Photo: knelson20/Shutterstock

Whereas Italy has its pizzelle, Norway has its krumkake. This holiday season treat is another type of thin cookie with seasonal patterns pressed into it from a specialized waffle press, but in Norway it’s traditional to roll it and fill it with whipped cream, fruit, or chocolate. The deviation from pizzelle is right there in the name: krumkake roughly translates to bent cake.

The best krumkakes are made with a dedicated krumkake iron, notes Ben Myhre of Ramshackle Pantry, and each one has its differences. He adds that the Norwegian holiday sweet is also popular in the US in the upper Midwest.

Ingredients

  • ¾ cup of sifted all purpose flour
  • ½ cup sugar
  • 1 tablespoon corn starch
  • ¼ teaspoon crushed cardamom
  • 2 eggs
  • 2 tablespoons heavy whipping cream
  • ½ teaspoon vanilla extract
  • 4 tablespoons melted butter, but not hot

Instructions

  1. Add flour, sugar, corn starch, cardamom to large bowl. Mix well.
  2. In smaller bowl, beat eggs and then add cream, vanilla, and butter. Mix well.
  3. Add liquid mixture into dry mixture and combined until a smooth peanut butter like consistency
  4. Preheat krumkake grill
  5. Each Krumkake will require about 1 ½ tablespoons of batter. Add one to your Krumkake maker and cook until golden brown. For my tool, this is about 1:30 seconds.
  6. Remove with fork and use Krumkake tool to form into cone before it cools down
  7. Allow grill to heat back up, repeat until batter is gone
  8. Sprinkle with powdered sugar. Fill with whipped cream and fruit. Eat!
  9. United States: Eggnog

    Photo: NSphotostudio/Shutterstock

    You’re probably familiar with eggnog. This creamy concoction is thought to have started with 13th century monks in Britain who drank a warm eggy, figgy punch called a posset. American colonists would mix their egg and cream with rum, which was the most available spirit, and even George Washington is said to have had a house recipe. Today, it’s often available in grocery stores before the Halloween decorations are put away. For the best eggnog, you have to make it yourself, though.

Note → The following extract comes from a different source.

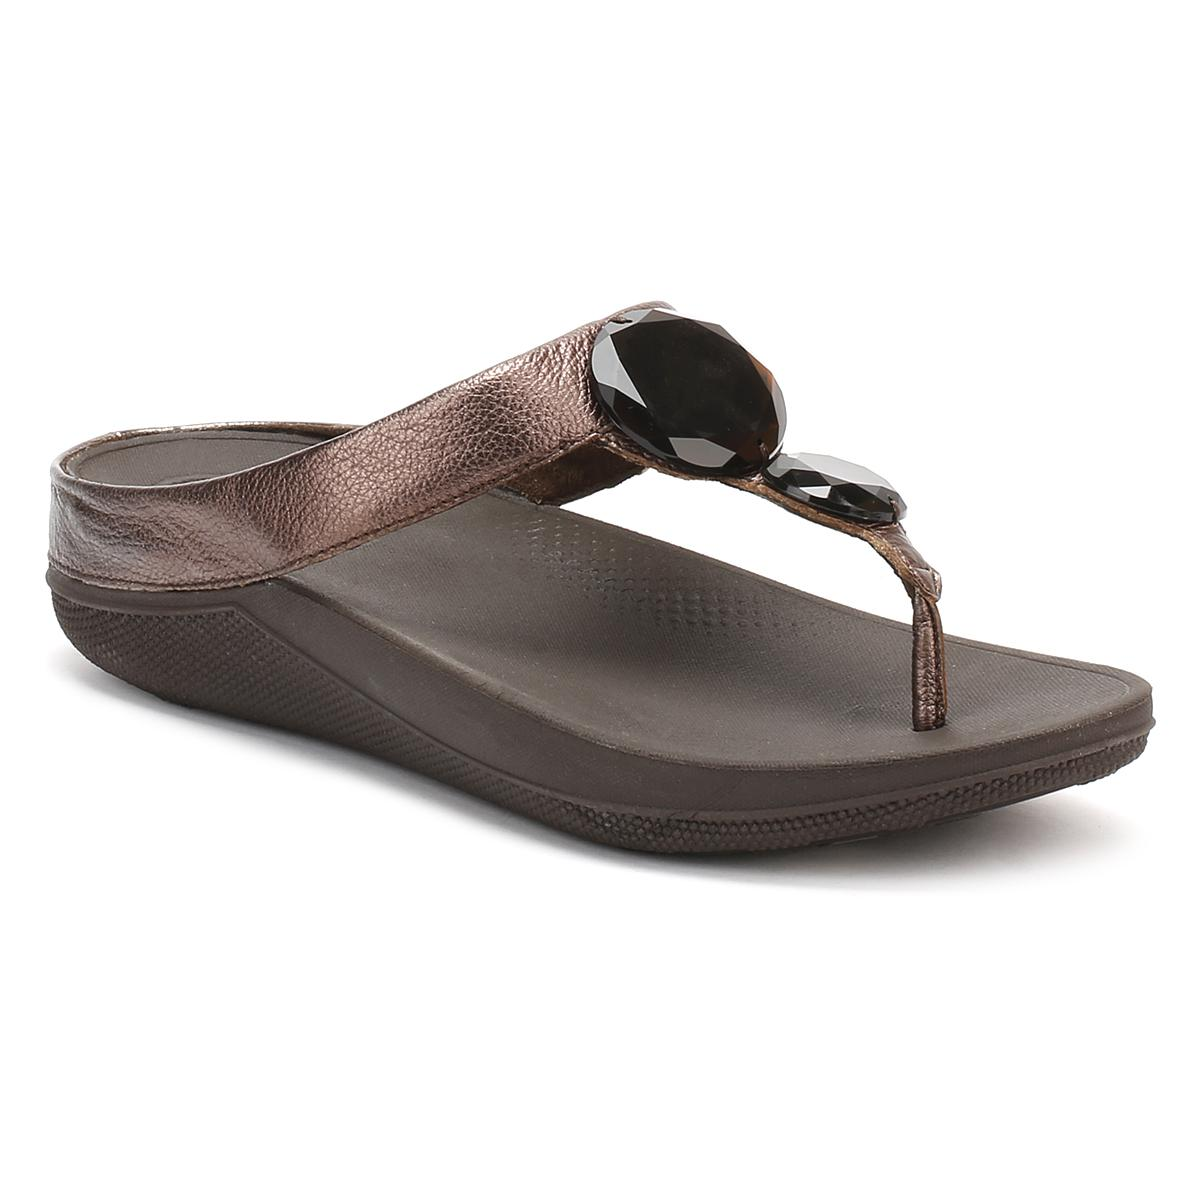 c3d014362 Fitflop Womens Bronze Luna Pop Sandals in Brown - Lyst

    True eggnog fans can follow the advice of Aaron Goldfarb, drinks writer and author of Gather Around Cocktails: Drinks to Celebrate Usual and Unusual Holidays, who ages his eggnog. Goldfarb has a batch of five-year-old eggnog in his fridge, but told Matador in 2019 that homemade eggnog peaks in the first couple of months. In his book, he offers the following recipe.

    Ingredients

  • 12 eggs
  • 6 cups whole milk
  • 3 cups heavy cream
  • 1 cup granulated sugar
  • 6 ounces bourbon
  • 6 ounces dark rum
  • 6 ounces Cognac or apple brandy
  • Whole nutmeg, for garnish

Instructions

  1. Separate the yolks from the whites, and beat the whites until they have soft peaks
  2. Whisk the yolks with the mlik, cream, sugar, bourbon, rum, and Cognac until smooth.
  3. Transfer the yolks mixture into a big serving bowl and fold in the egg whites
  4. Chill for at least a few hours before serving with grated fresh nutmeg
  5. Puerto Rico: Coquito

    Photo: Rimma Bondarenko/Shutterstock

    Just because Puerto Rico is a tropical island doesn’t mean everyone ditches the creamy holiday drinks. Coquito translates to “little coconut” in Spanish, and refers to a drink made with a mix of condensed milk, evaporated milk, and cream of coconut (plus a heavy hand of rum, of course). As Aryana Azari wrote for Matador in 2019, the Puerto Rican drink can be found around the Caribbean and Latin America, and each country — and each family — has their own specific recipe with small twists that make the beverage special. If you lack a recipe of your own, Discover Puerto Rico offers a good basic recipe to start with.

    Ingredients

  • 1 can of condensed milk
  • 1 can of evaporated milk
  • 1 can of cream of coconut (most Puerto Ricans prefer Coco López)
  • ½ cup of white rum (Preferably Don Q or Bacardí)
  • ½ teaspoon of vanilla extract
  • 1 teaspoon of ground cinnamon (add more to taste)

Instructions

  1. In a blender, add evaporated milk, cream of coconut, sweetened condensed milk, rum, vanilla extract, and cinnamon. Blend on high until mixture is well combined for 1 to 2 minutes.
  2. Transfer mixture into glass bottles and chill in the refrigerator until cold.
  3. To serve, pour coquito into small serving glasses (almost like a shot portion) and garnish with ground cinnamon or a cinnamon stick.